▶ About this exercise
What the task requires is an exact printout of the listing below, pictures excluded.

▶ The data
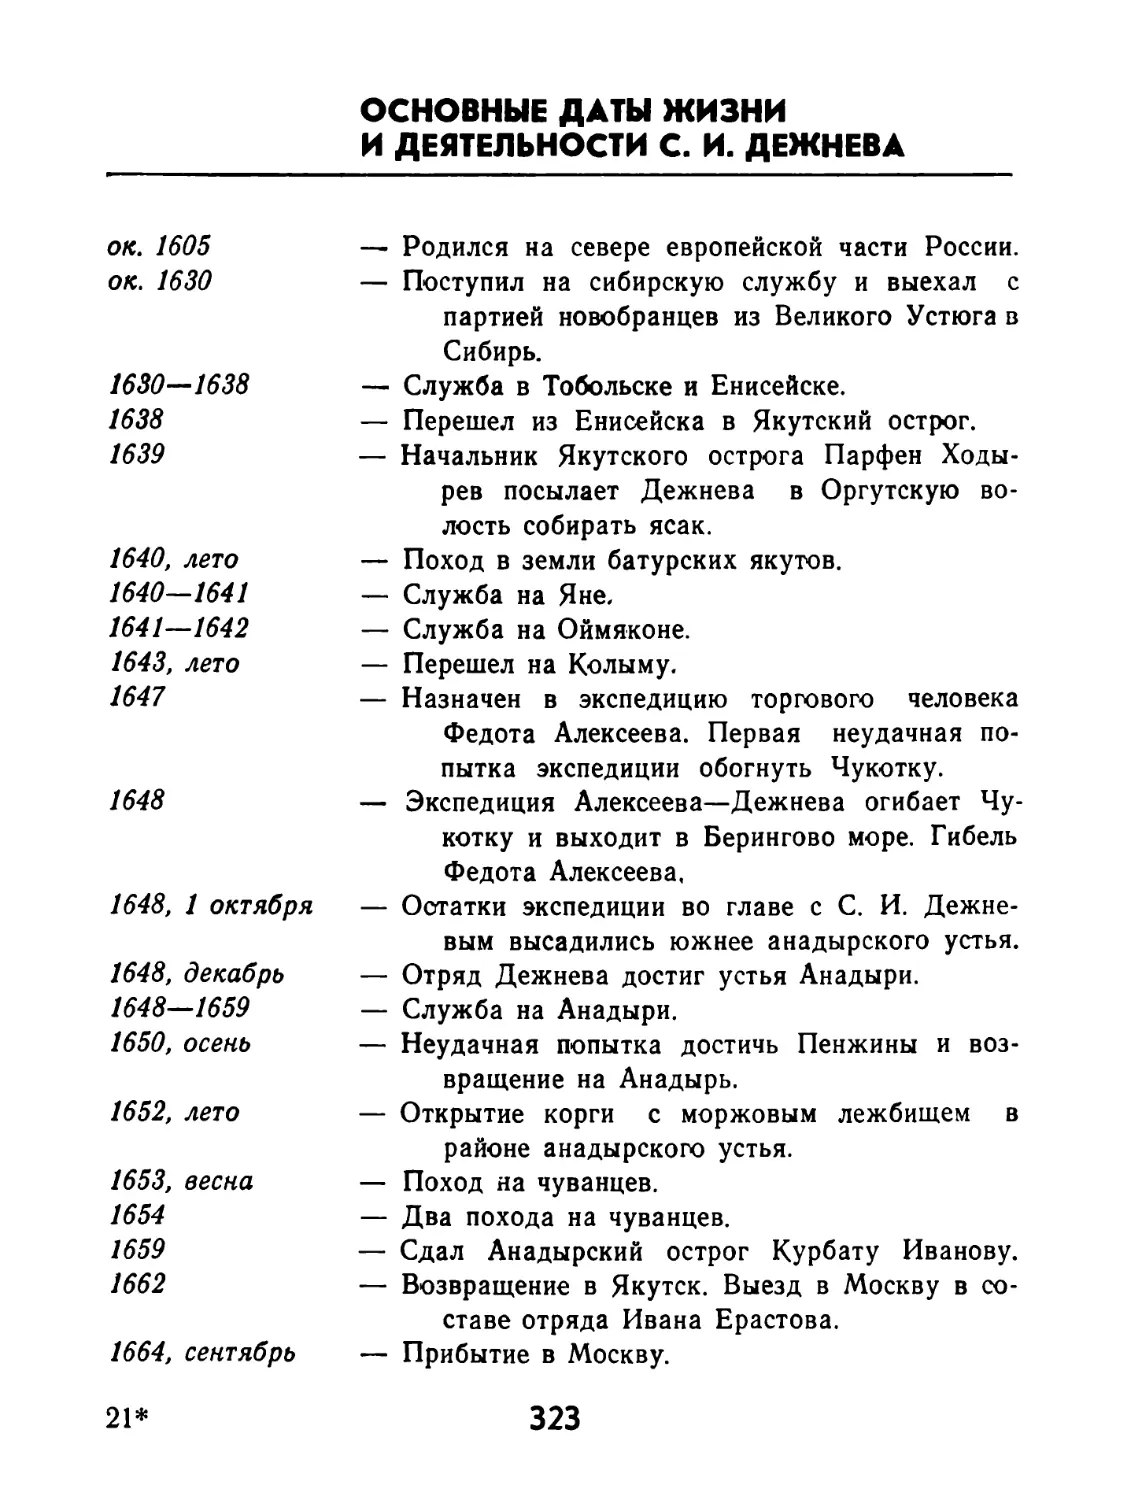 Основные даты жизни и деятельности С. И. Дежнева
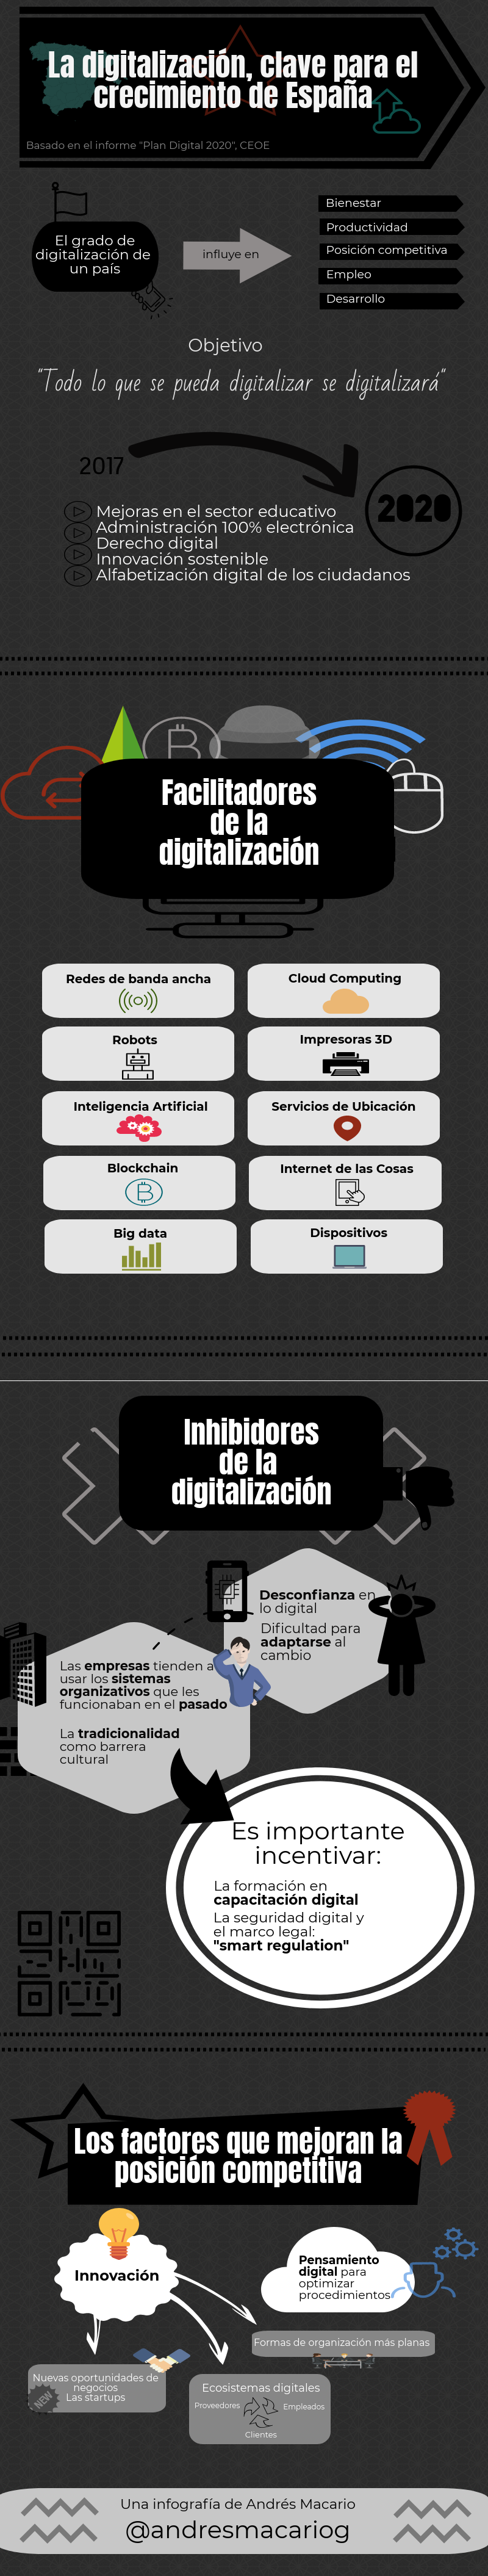 La digitalizacion clave para el crecimiento de España - infografía Andrés Macario
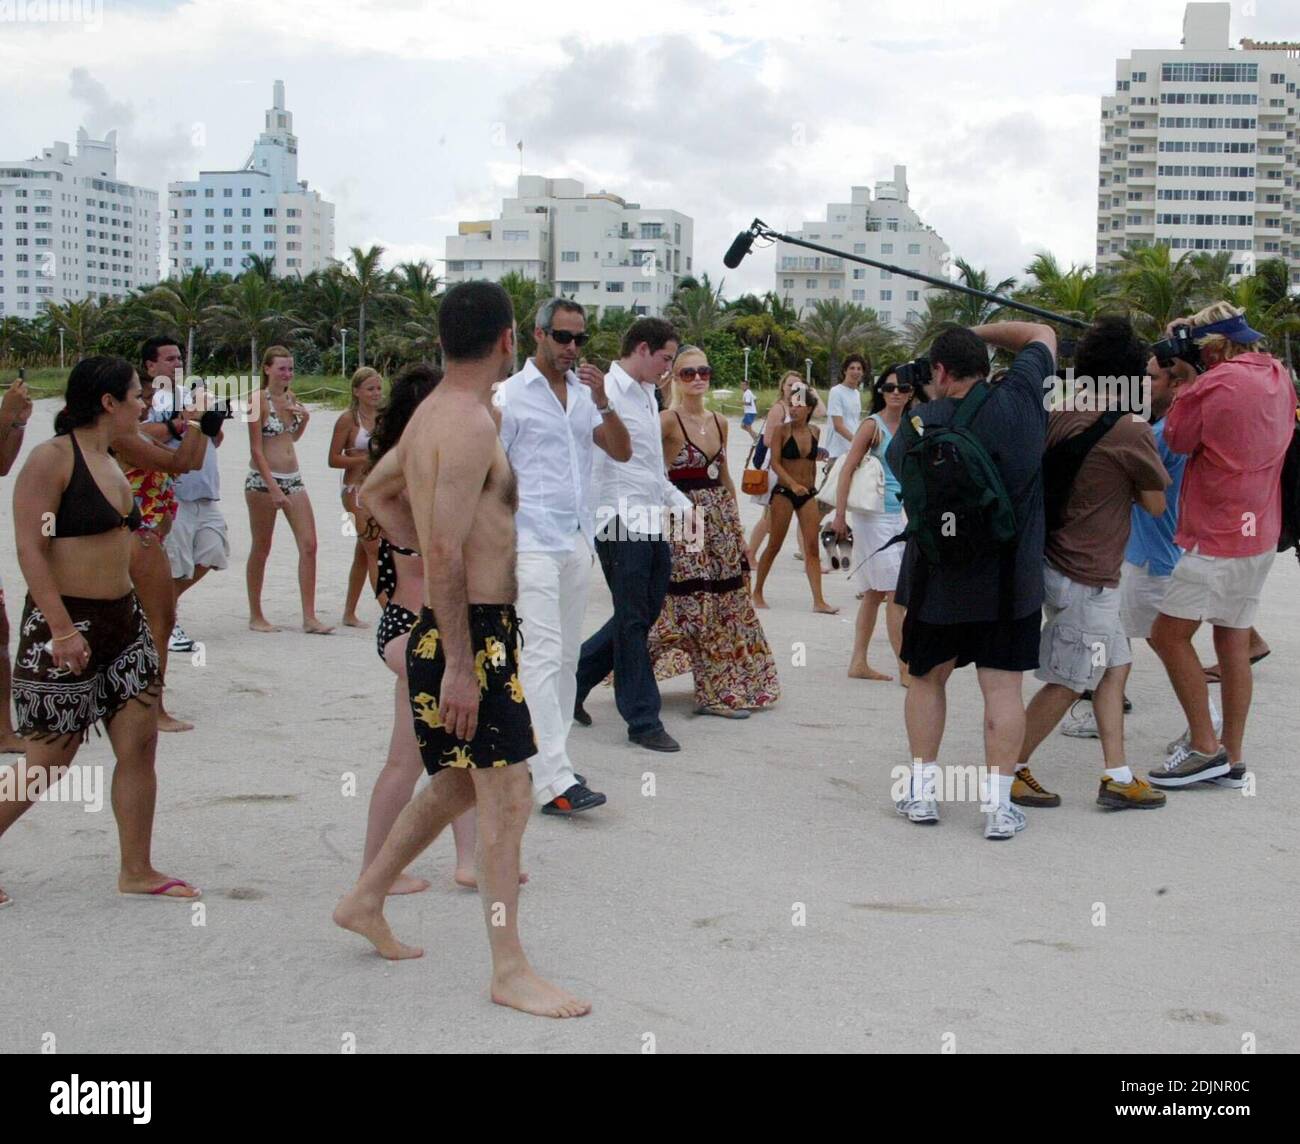 Paris Hilton causó un gran revuelo con fotógrafos y transeúntes en Miami Beach hoy. La heredera esquivó una basura puede golpear durante la acción mientras fue entrevistada para promover su álbum debut 'Paris' en Miami Beach, FL, 8/16/06. Foto de stock

▶ Output of the task
 Основные даты жизни и деятельности С. И. Дежнева
 La digitalizacion clave para el crecimiento de España - infografía Andrés Macario
 Paris Hilton causó un gran revuelo con fotógrafos y transeúntes en Miami Beach hoy. La heredera esquivó una basura puede golpear durante la acción mientras fue entrevistada para promover su álbum debut 'Paris' en Miami Beach, FL, 8/16/06. Foto de stock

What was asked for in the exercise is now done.